I'd say a good place to start would be the middle of the 1991 - 1996 decline, maybe wherever they were mid 1993. The bottom is just too low a base.

My other comment is that another phenomena took place since that bottom--our coastal plain became virtually built out. As that occurred, not only did resale prices soar, but builders turned to increasingly large, upscale homes to get the most money from their dirt. I think of Rancho Cucamonga, where builders went from one story starter homes to two story McMansions.

And many homeowners added on, upgraded, or tore down & rebuilt. Areas like Rossmoor on the LA/OC line come to mind.

Given that upgrading of housing stock and the increase of supply over demand on the coastal plain, it's only natural that home appreciation would exceed inflation significantly.

I love going back and looking at history to get context, looking at todays sales, prices, inventory in the context of only MoM, YoY sales really doesn't give you much information unless you already know what has been going on.

I highly recommend people read the DQ archives:
http://archive.dqnews.com/AAMain.shtm

Peter:

NOT TO PRESS THE POINT... but could you
please give us a side-by-side chart from 1997
through to today with the yearly bubble mediums
next to what the annual CPI mediums would have
been.

This is the clearest way to view how far off
normal inflation prices we actually are. It
eliminates so much of the chatter that surrounds
this issue here. Many thanks.

So, what's the point? It was a bubble. Of course, people in the real estate industry and most sellers are delusional and want to pretend otherwise, but what else is new? Prices will continue to slide until homes are once again affordable. Granted, some properties in prime areas will always command a higher price. I'd say to look for a further reduction. Another 50% would be about right.

"1. Tens of thousands of jobs had left the state over the previous five years, putting so cal in the deepest recession in modern local history, even as the rest of the country was doing fairly well. Remember all those see-through buildings in downtown and all the vacancies in the former defense buildings throughout So Cal?"

It's ironic that Countrywide's HQ is Calabasas was formerly Lockheed's HQ. It still has the underground super-secret vault meeting room suspended on springs. The irony continues at Countrywide's software group in Agoura Hills, which occupies the former HQ of Litton Data Systems (since absorbed by Northrop Grumman), where they made artillery and air defense systems.

Sorry, Peter. I decided not to wait for you.
I went to the Federal Reserve Bank's site and used the CPI Index calculator.
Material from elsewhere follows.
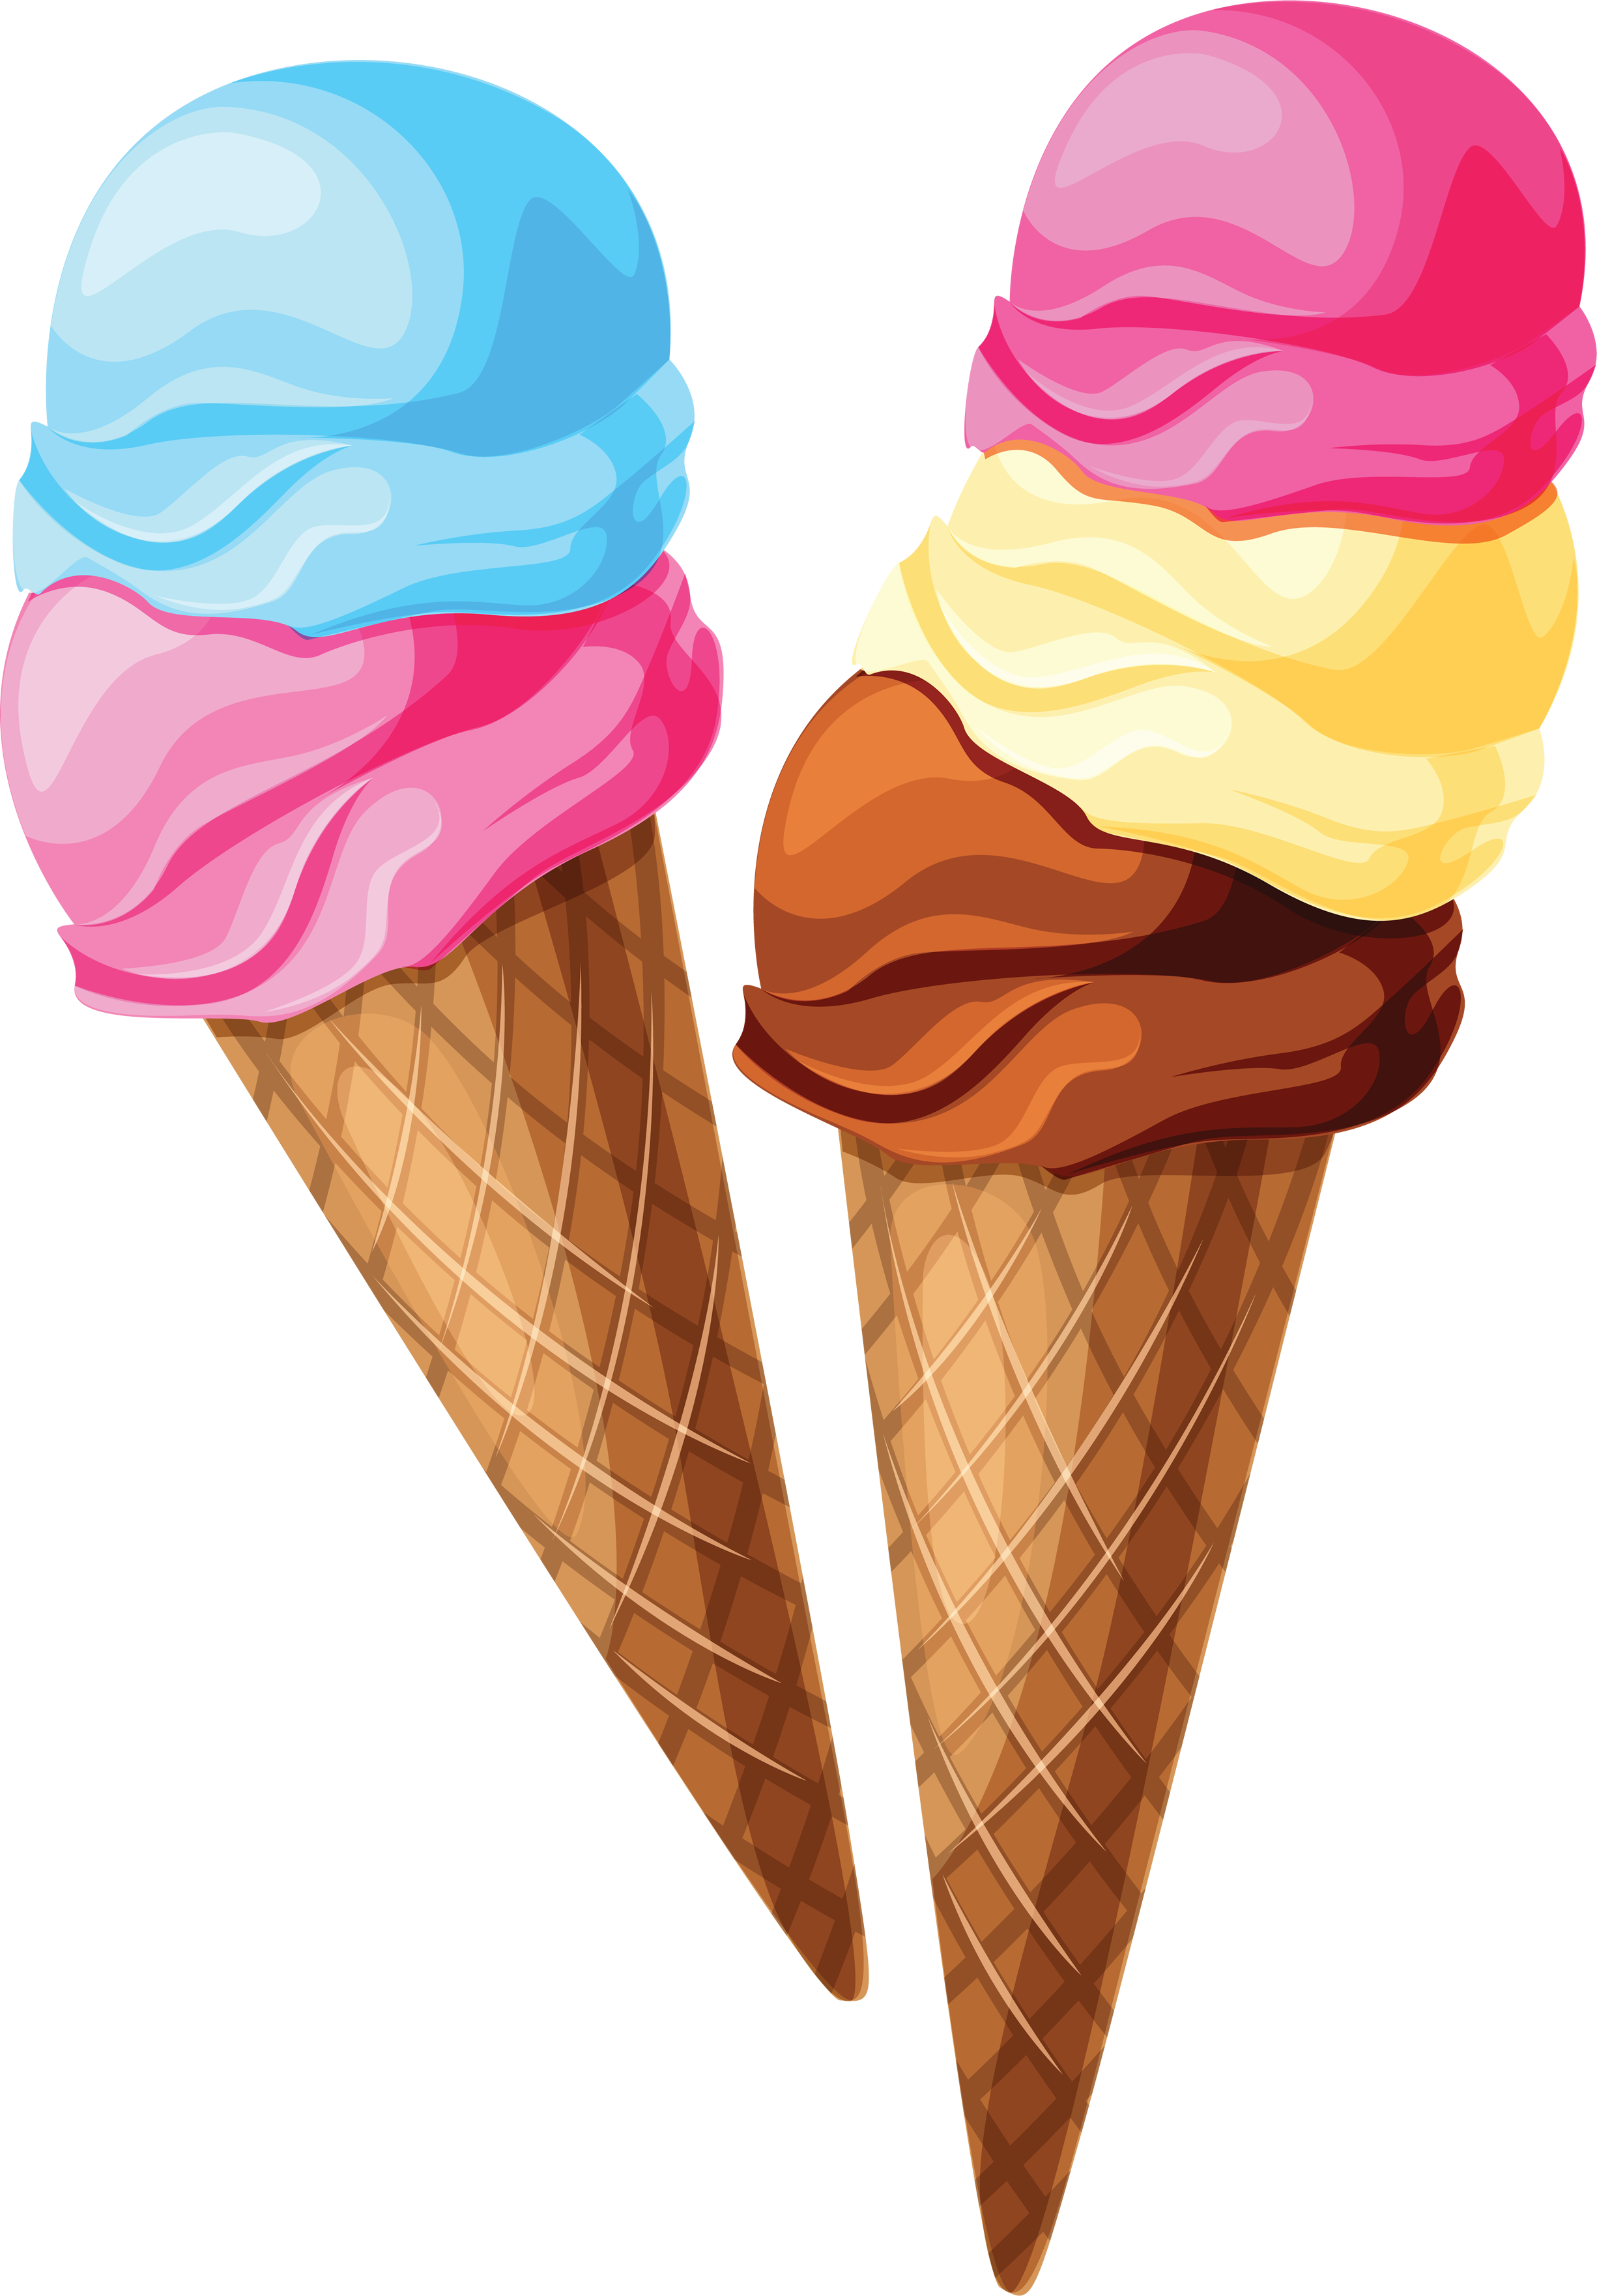 clip art ice cream cone free - photo #45

Here's what inflation would have added to our medium
home prices between June 2000 and (projected)
June 2008.

Bubble Expansion
Month/Year Med. home $ (LA) CPI Index $
June 2000 $203,000 $203,000
June 2001 $228,000 $209,000
June 2002 $269,000 $213,000
June 2003 $313,000 $217,000
June 2004 $414,000 $223,000
June 2005 $475,000 $230,000
June 2006 $517,000 $238,000
June 2007 $545,000 $244,000
Feb. 2008 $460,000 $254,000

Some will argue that a higher 4% return for housing
is more accurate but even that figure pales in
comparison with bubble top prices.

This chart says that if we're offering 2002 prices,
today, we're probably being too generous.
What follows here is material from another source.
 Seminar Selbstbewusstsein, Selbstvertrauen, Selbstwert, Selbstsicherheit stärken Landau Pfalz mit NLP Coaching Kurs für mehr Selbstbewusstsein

Suggest your readers go to patrick.net for a
link to a NY Times story on what's behind
a seller's slow, painful acceptance of the fact
that his or her home is worth maybe half of what
they think it's worth.

For two extensive and data rich reports that have greatly informed my understanding and analysis of the situation:

http://www.cbp.org/pdfs/2008/080212_
LockedoutReport.pdf

and

http://www.homesforworkingfamilies.org/resources.
dyn/Analyzing_Affordability_1.30.08_FINAL.pdf

Also, it wasn't easy to get a loan in 1997. You still needed to have at least 10% down plus 3% in closing costs plus 2 months' reserves, unless you were getting an FHA loan, which was 3% down and 3% closing costs. And good credit. And, if I recall correctly, interest rates were still hovering around 7% plus points.
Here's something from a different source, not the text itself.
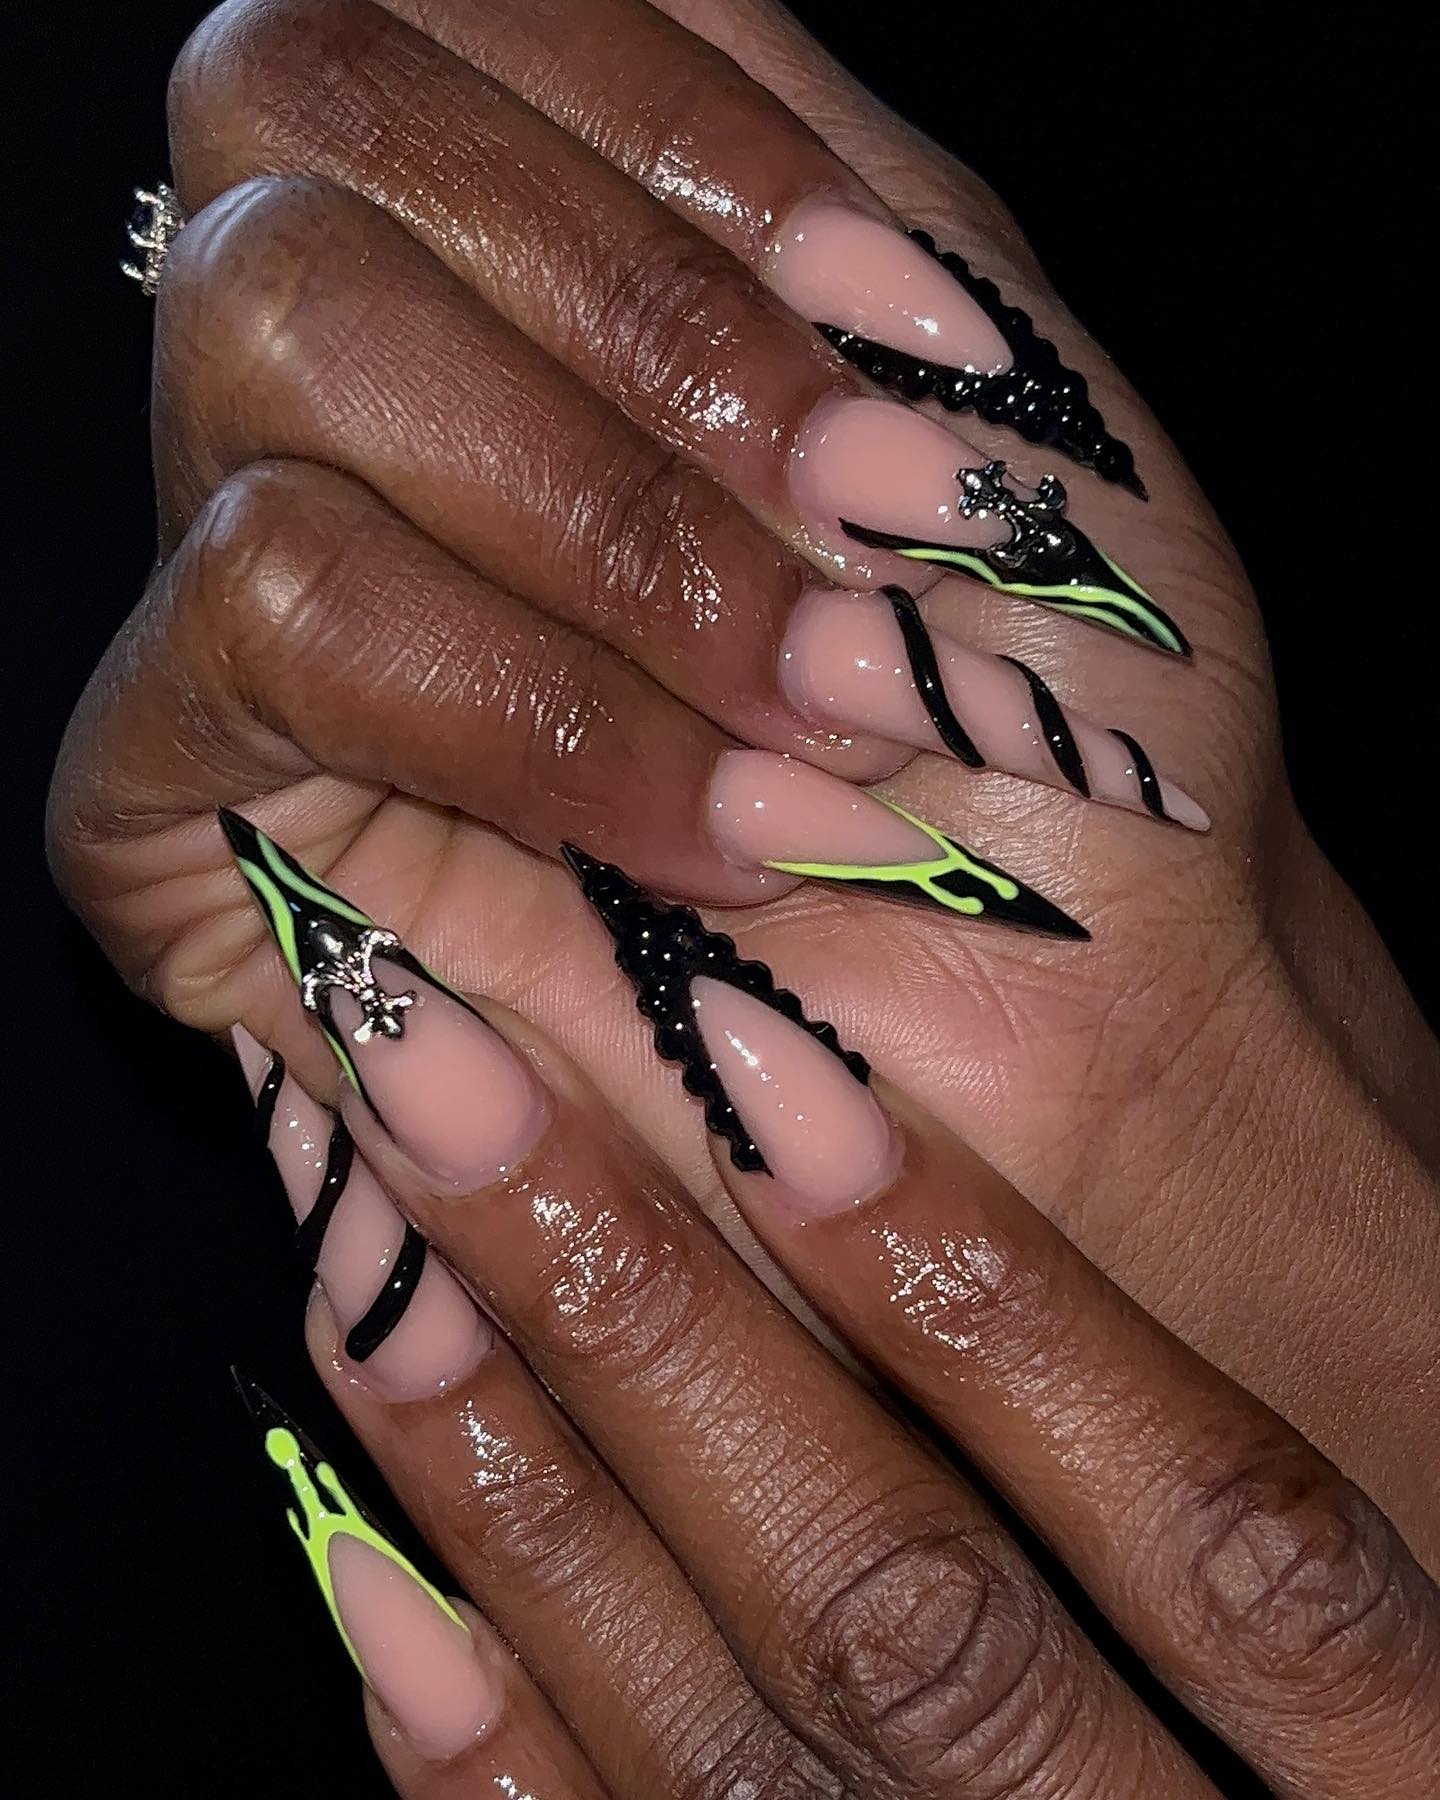 Flawless Nudie glam nails

So I'm not imagining things...I've been saying for years that prices started going up the day after I made my bid on my home (June 30, 1997). I'm not far off.

Hi Peter,
I have faithfully been following your blog for months. It is great! Thanks for everything. Could you please check out Phil Vassar This is My Life video . I have no affiliation. You can look it up on youtube. It to me represents what this whole mess is all about. The corporate fat cats versus the middle man. Alot just said in that sentence for sure. Again, this is just a simple woman from New England that wants to get the good word out.
Best regards, Ann

Nice chart - however, keep in mind that in a correction, house prices generally overshoot on the way down, so therefore we should expect them to dip below the trendline indicated by the CPI. This occurred in the early-mid 1990s bust, check it out. Another good indicator, also observed in the 1990s, is that at some point it becomes cheaper to buy (using a standard fixed-rate mortgage and conventional 20% downpayment) than to rent the equivalent property. This is both a good indicator that the market is reaching a bottom and an excellent buying opportunity.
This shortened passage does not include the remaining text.